## AVAILABLE RECORDS
- Opening Delimiter -

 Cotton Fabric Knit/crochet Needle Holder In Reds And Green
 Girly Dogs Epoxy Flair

- Closing Delimiter -
- Opening Delimiter -

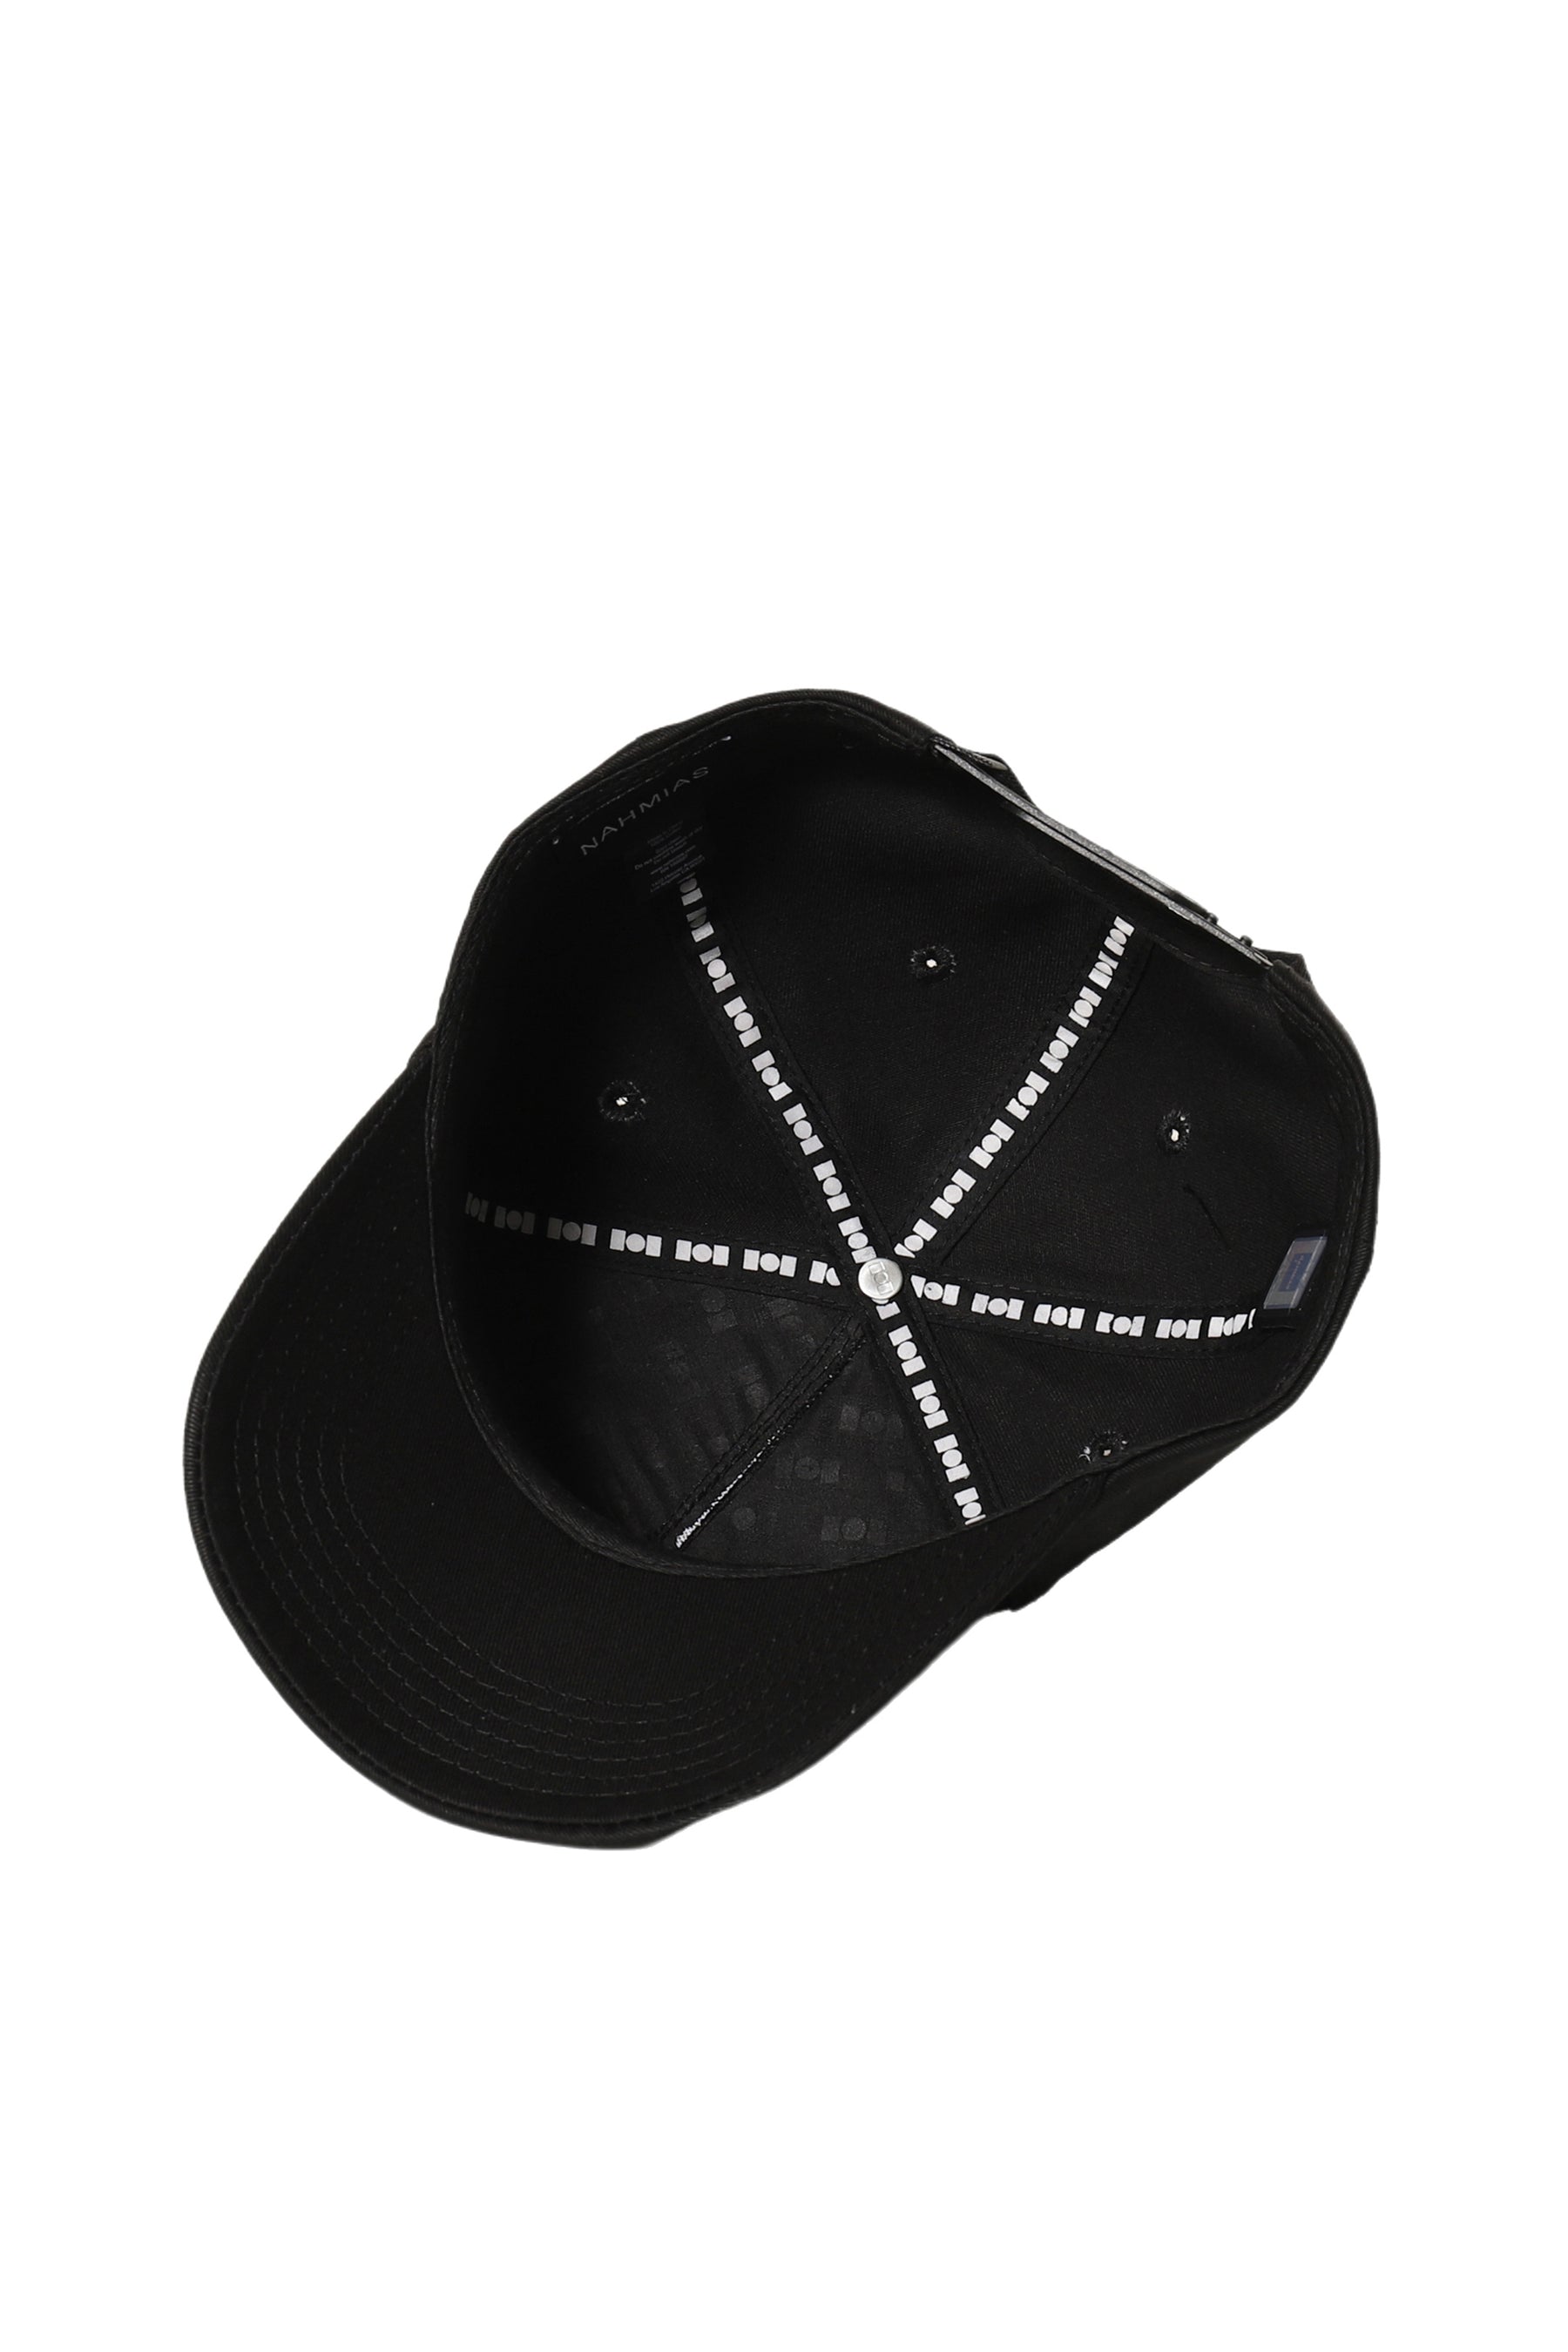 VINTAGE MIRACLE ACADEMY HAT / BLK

- Closing Delimiter -
- Opening Delimiter -

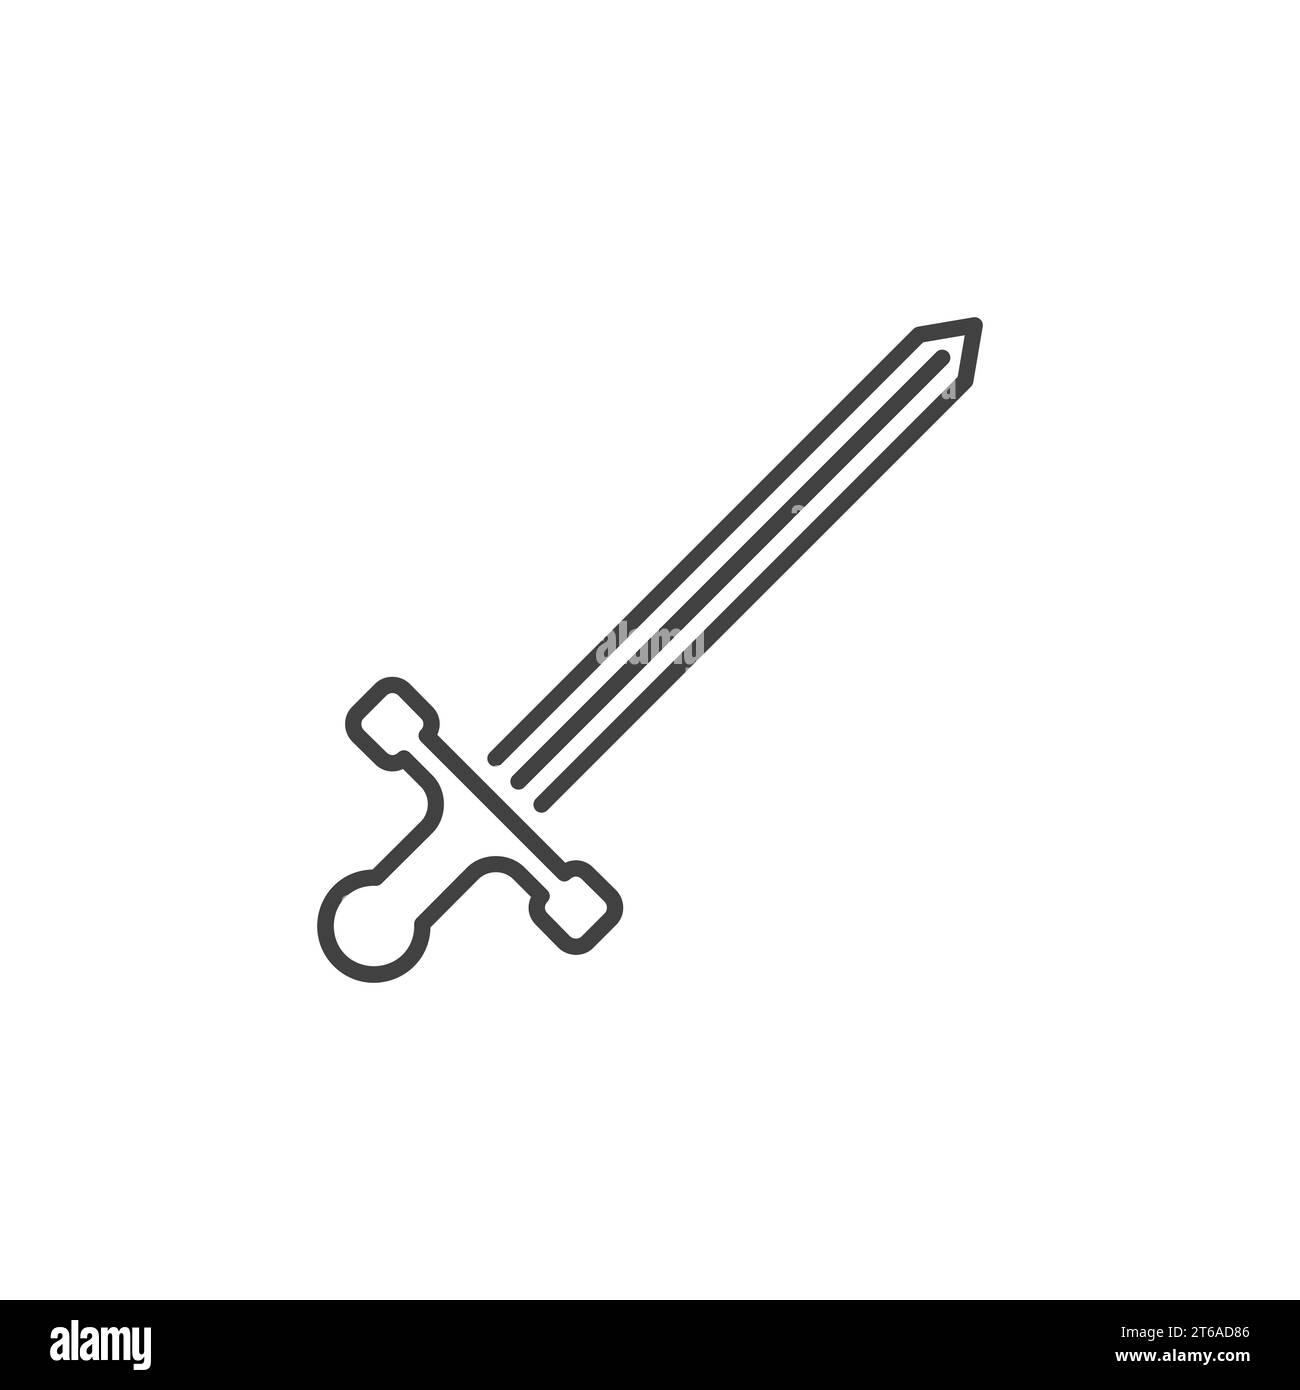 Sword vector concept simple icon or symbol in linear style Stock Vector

- Closing Delimiter -

## AIM OF THE TASK
Retype word for word everything in the listing above from the line that holds "Cotton Fabric Knit/crochet" down to the line that holds "Girly Dogs Epoxy Flair". Keep both end lines and leave out the rest.

## WORKED SOLUTION
 Cotton Fabric Knit/crochet Needle Holder In Reds And Green
 Girly Dogs Epoxy Flair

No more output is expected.